Her landlady’s gaze dropped to Dash’s navy-blue coveralls. “Ladies do not wear trousers. It’s indecent, is what it is.”
Dash couldn’t resist. “Did I tell you I have flown a plane before? By myself. While wearing trousers.” She closed her eyes, remembering Jenny, then she reached for her coat. “It was glorious. Have a nice day, Mrs. Simmons.”
Dash took a bus to work. The most interesting part of the ride was squinting at the dark profile of Mount McKay in the distance, but CanCar was the best place to work in the whole world, so she didn’t mind. There, she was surrounded by airplanes, she worked with engines, and she learned new skills, like riveting the planes’ sheet metal skins. Plus, she got paid better than she ever had before, though still not as much as the men in the factory. Icing on the cake was that she got to work with a lot of smart women, some of whom shared her obsession with planes. She had made friends at Conestoga and had loved being with Ginny and Mary in Toronto, but CanCar was the first place where Dash truly felt she belonged.
Monday to Friday, she joined her crew on the latest project, a Hurricane that was about three quarters done. What a thrill it was to watch an aircraft take shape. When she’d arrived that morning, she had pulled on her welding helmet and wrestled an acetylene torch to solder the frame. In the afternoon she was in a cooler position, attaching canvas to the wings, readying the plane for a dope coat tomorrow. The dope, she had learned, was what protected and sealed the fabric.
“These men, they think they know it all, eh?”
That was Margie, a spunky little mechanic from Quebec. She always had a bone to pick with somebody, and Dash got a kick out of her. Her name was actually Marie Marguerite, but the girls had all decided that was too many syllables. Margie didn’t seem to mind the change.
“What happened this time?” Dash asked.
“That McMurtry, he says he can do this better than us.”

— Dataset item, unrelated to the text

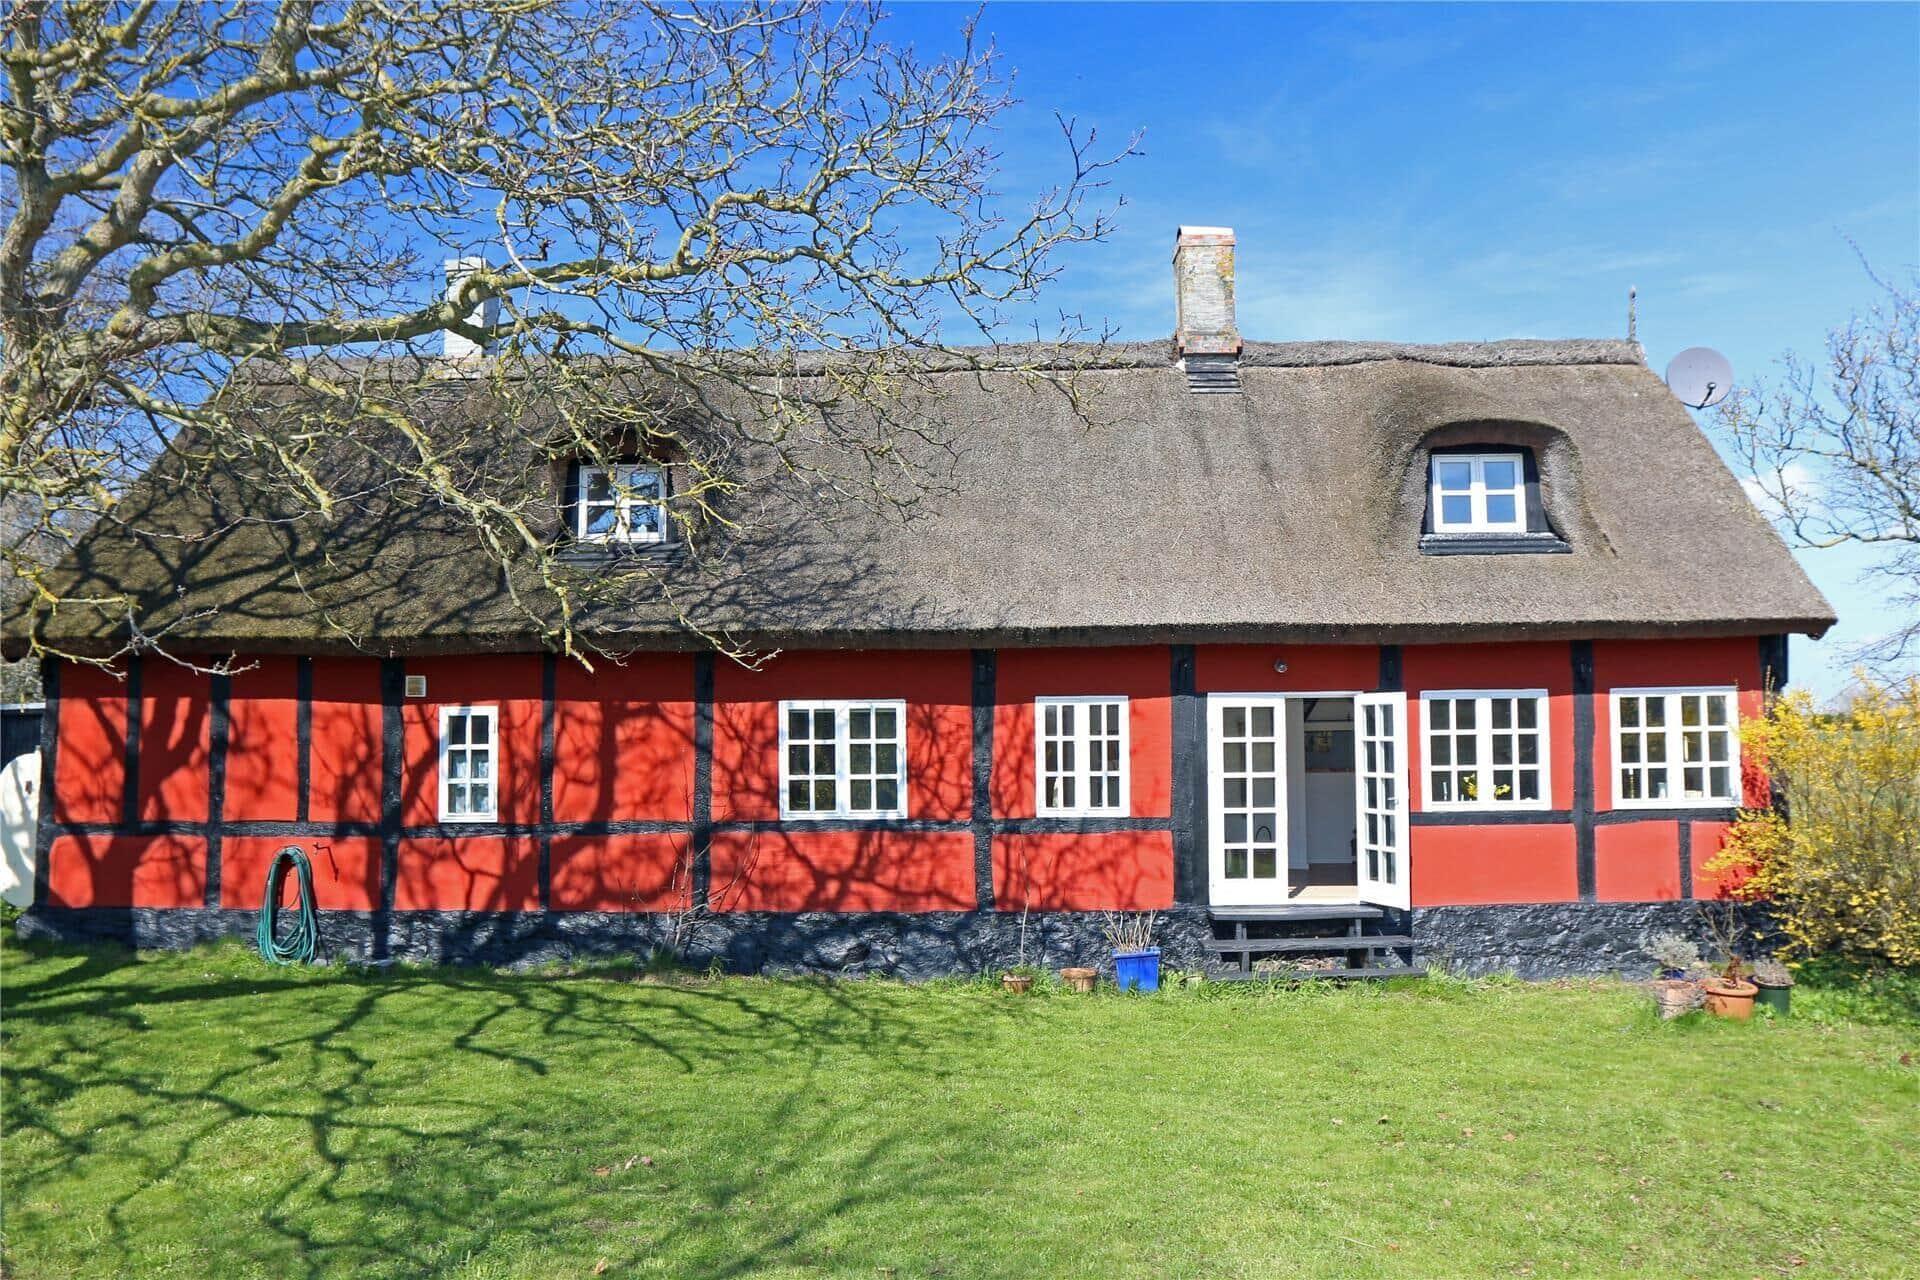 Bild 1-10 Ferienhaus 4747, Bodernevej 10, DK - 3720 Aakirkeby

Stacy glanced over. “Yeah, well, mendon’tknow it all, and we don’t need them.” Stacy reminded Dash a little bit of Ginny, with her nimble fingers and quick one-liners, except Ginny had straight blond hair, and Stacy’s was thick and brown. “Don’t tell them, though. They’ll just mope around like my uncle Harry. That man. If I ever saw him laugh, I’ve seen a cow fly, too.”
Dash peered up from under the wing, a couple of nails squeezed between her lips. Out of the corner of her mouth she said, “We’d better build up this hull if there are cows flying up there.”
“This is ’ow you do this, this is ’ow you do that,” Margie mimicked, still fuming.
Paulette, the fourth member of Dash’s crew, was from New Brunswick, but she’d been living in Ontario for years. “Everybody knows women are steadier at welding,” she put in.
“Then there’s the fact that we show up for work every day,” Dash said. “You ever met a man who shows up to work every day like we do?”